**Problem to work on**
Print every record below exactly as it stands, but leave out the pictures.
--
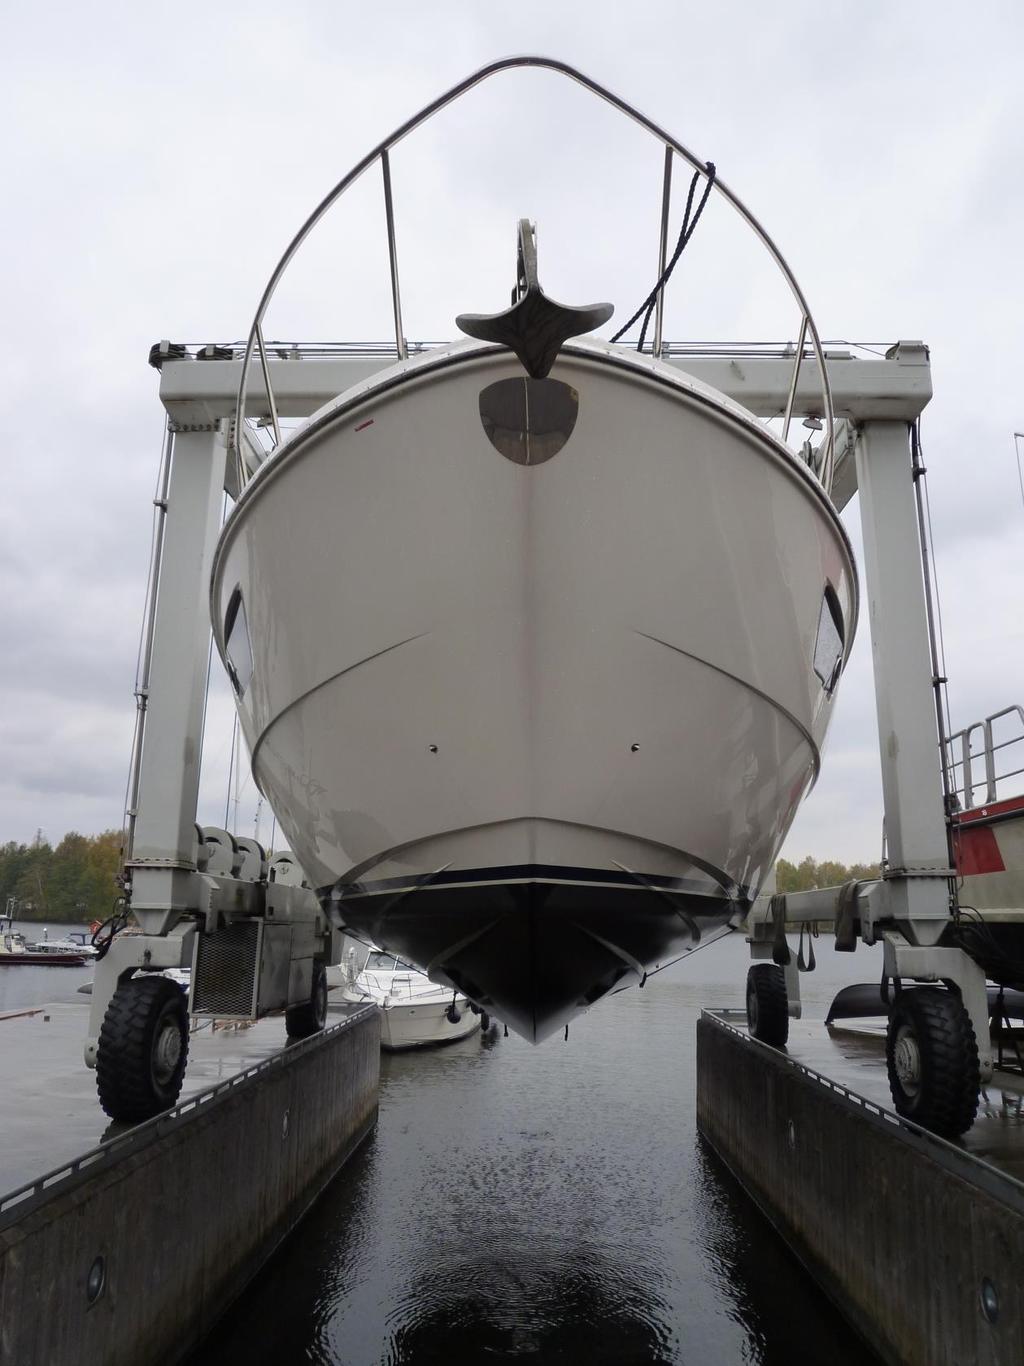 Observed during the survey: Hull outside, above the waterline: -The outside of the hull is in
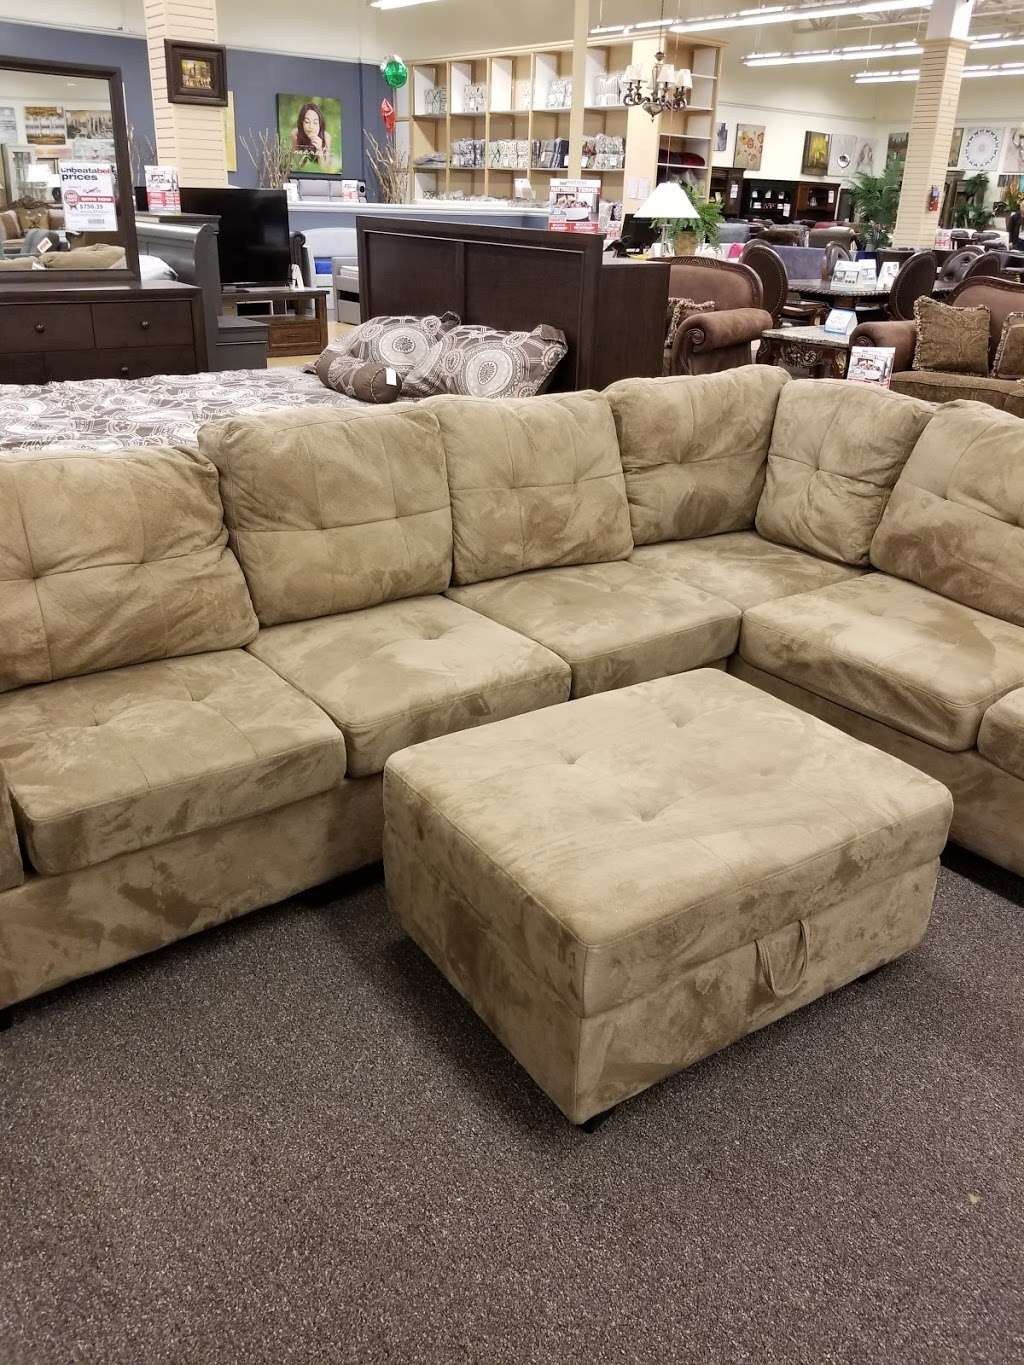 Bel Furniture - Willowbrook | 17355 Tomball Pkwy Suite G, Houston, TX 77064, USA | Phone: (281) 733-2280
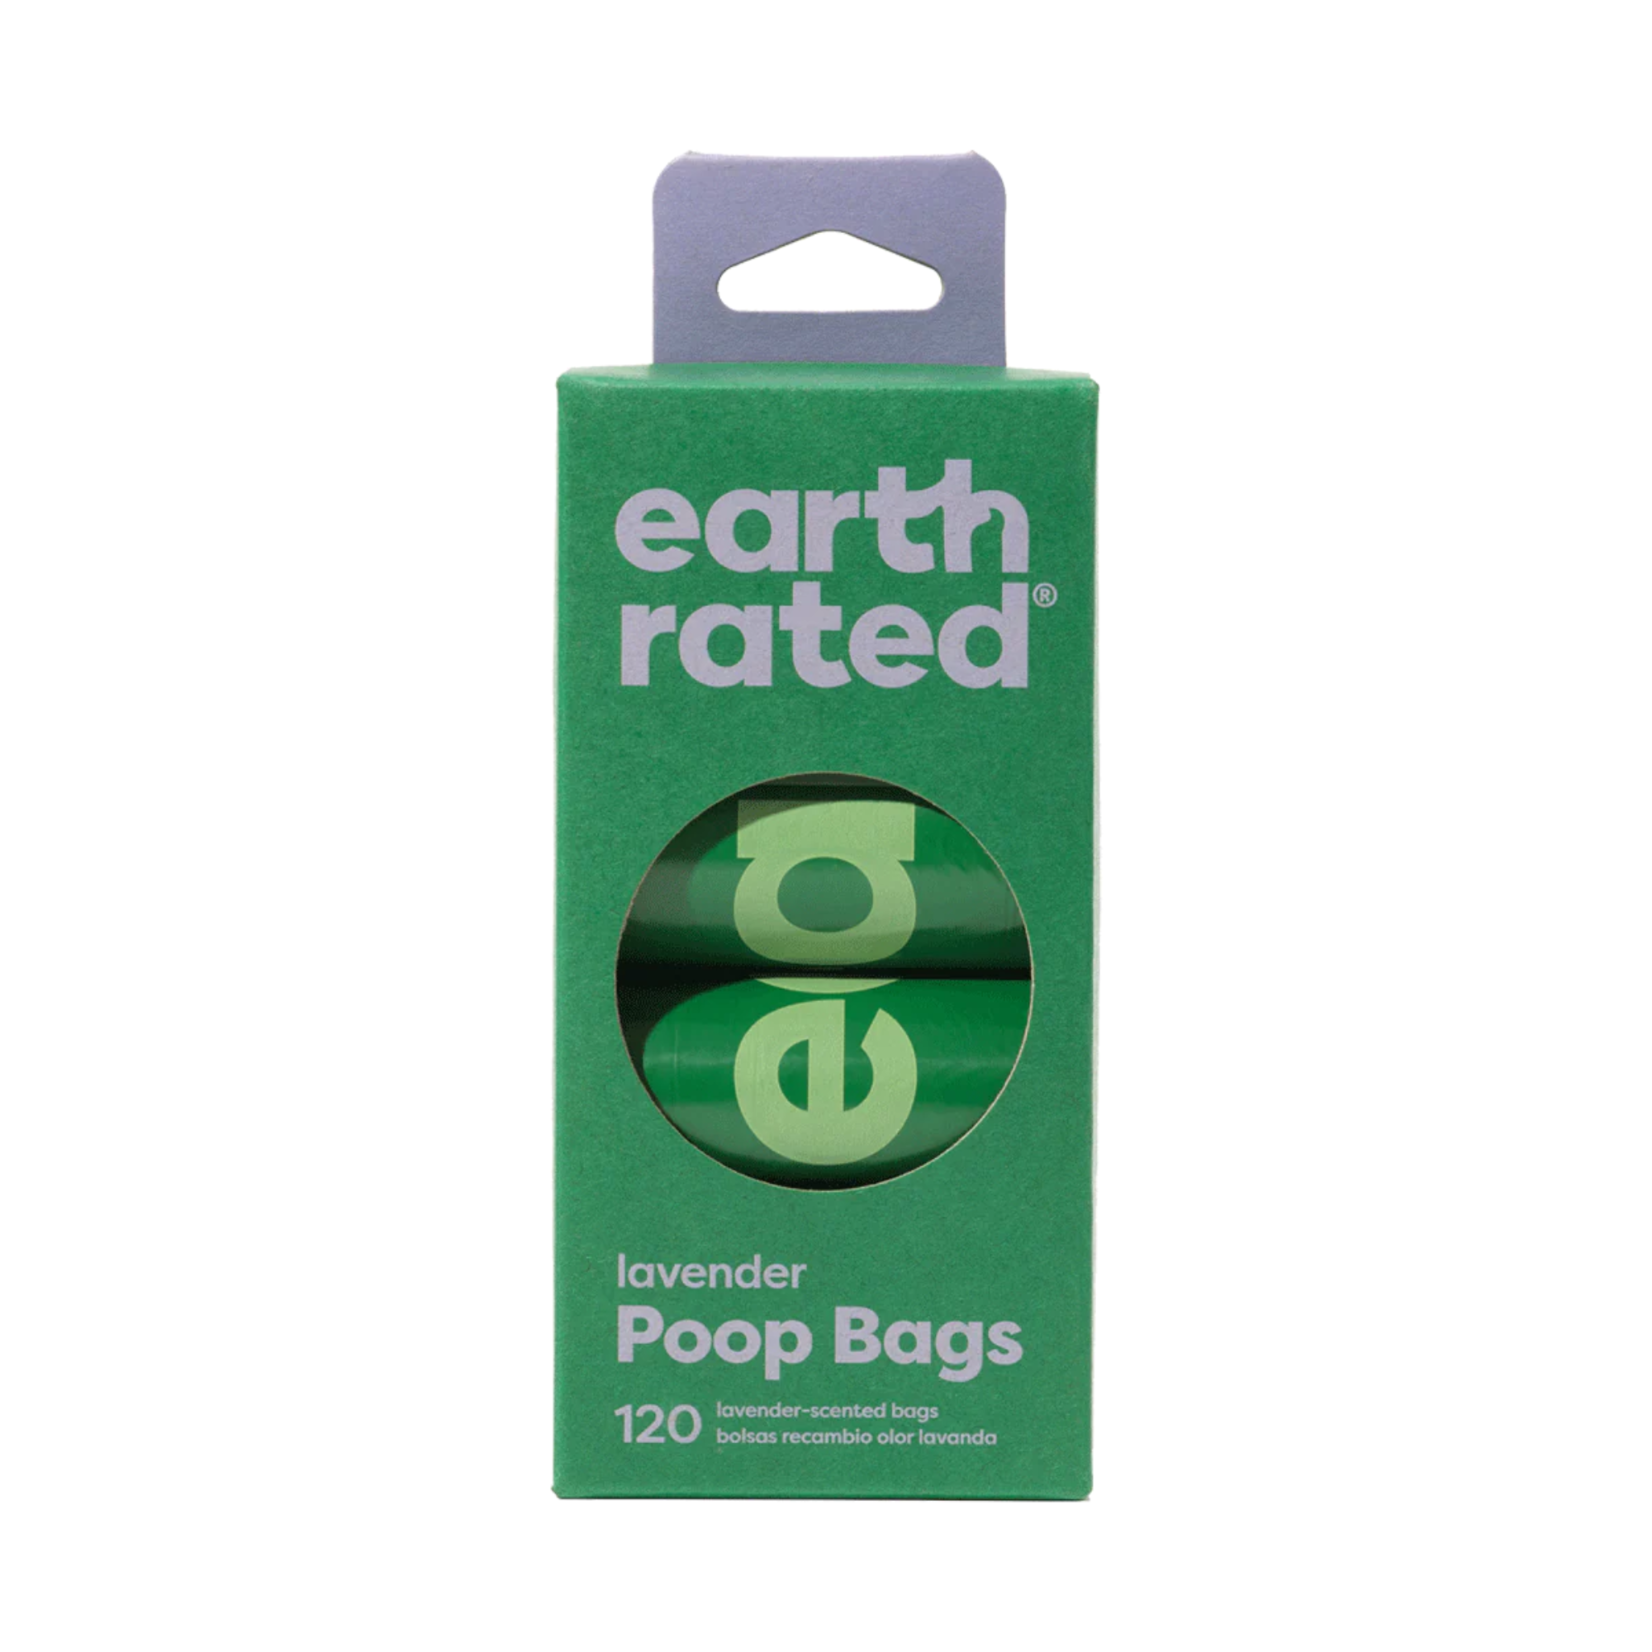 Earth Rated Earth Rated: Poop Dispenser Refill Rolls 120pk
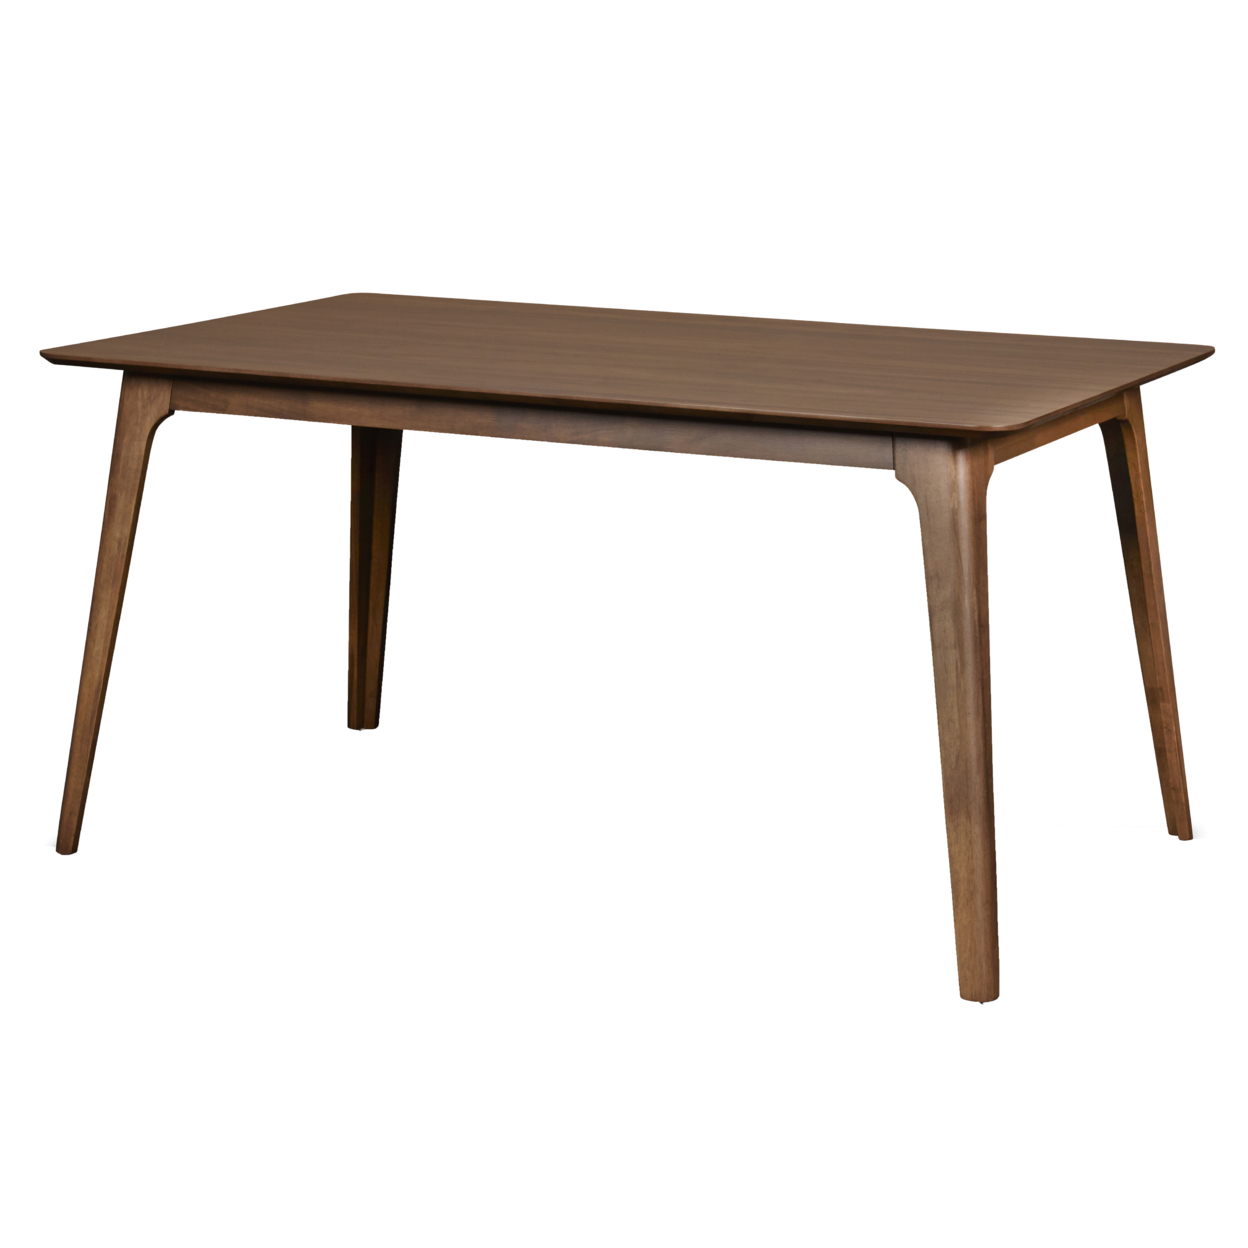 Wooden Table With Angled Block Legs And Natural Grain Texture, Brown- Saltoro Sherpi
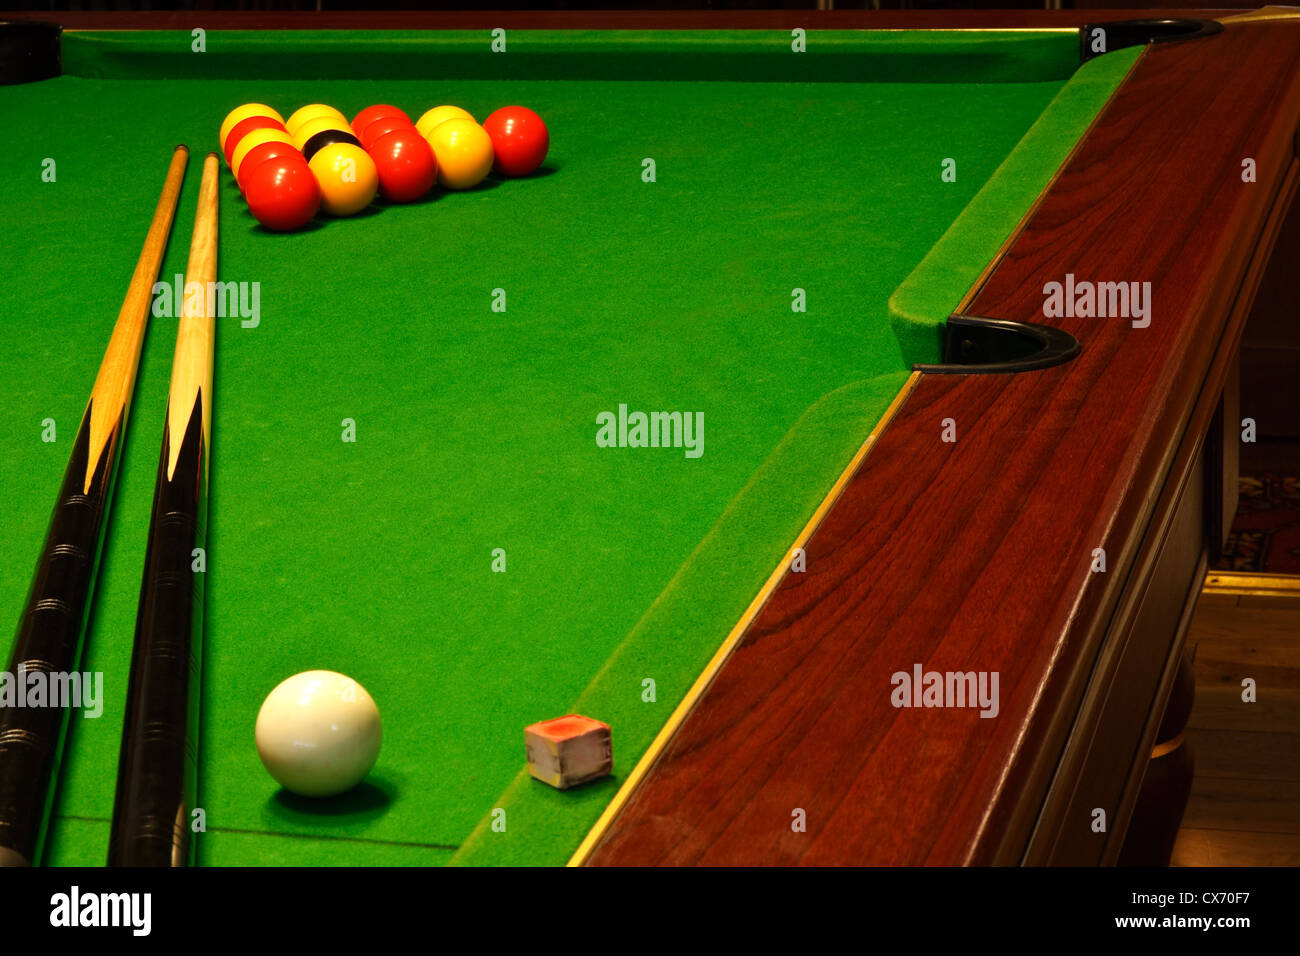 A green cloth billiards or pool table with english league red and yellow balls Stock Photo
--
**Task response**
 Observed during the survey: Hull outside, above the waterline: -The outside of the hull is in
 Bel Furniture - Willowbrook | 17355 Tomball Pkwy Suite G, Houston, TX 77064, USA | Phone: (281) 733-2280
 Earth Rated Earth Rated: Poop Dispenser Refill Rolls 120pk
 Wooden Table With Angled Block Legs And Natural Grain Texture, Brown- Saltoro Sherpi
 A green cloth billiards or pool table with english league red and yellow balls Stock Photo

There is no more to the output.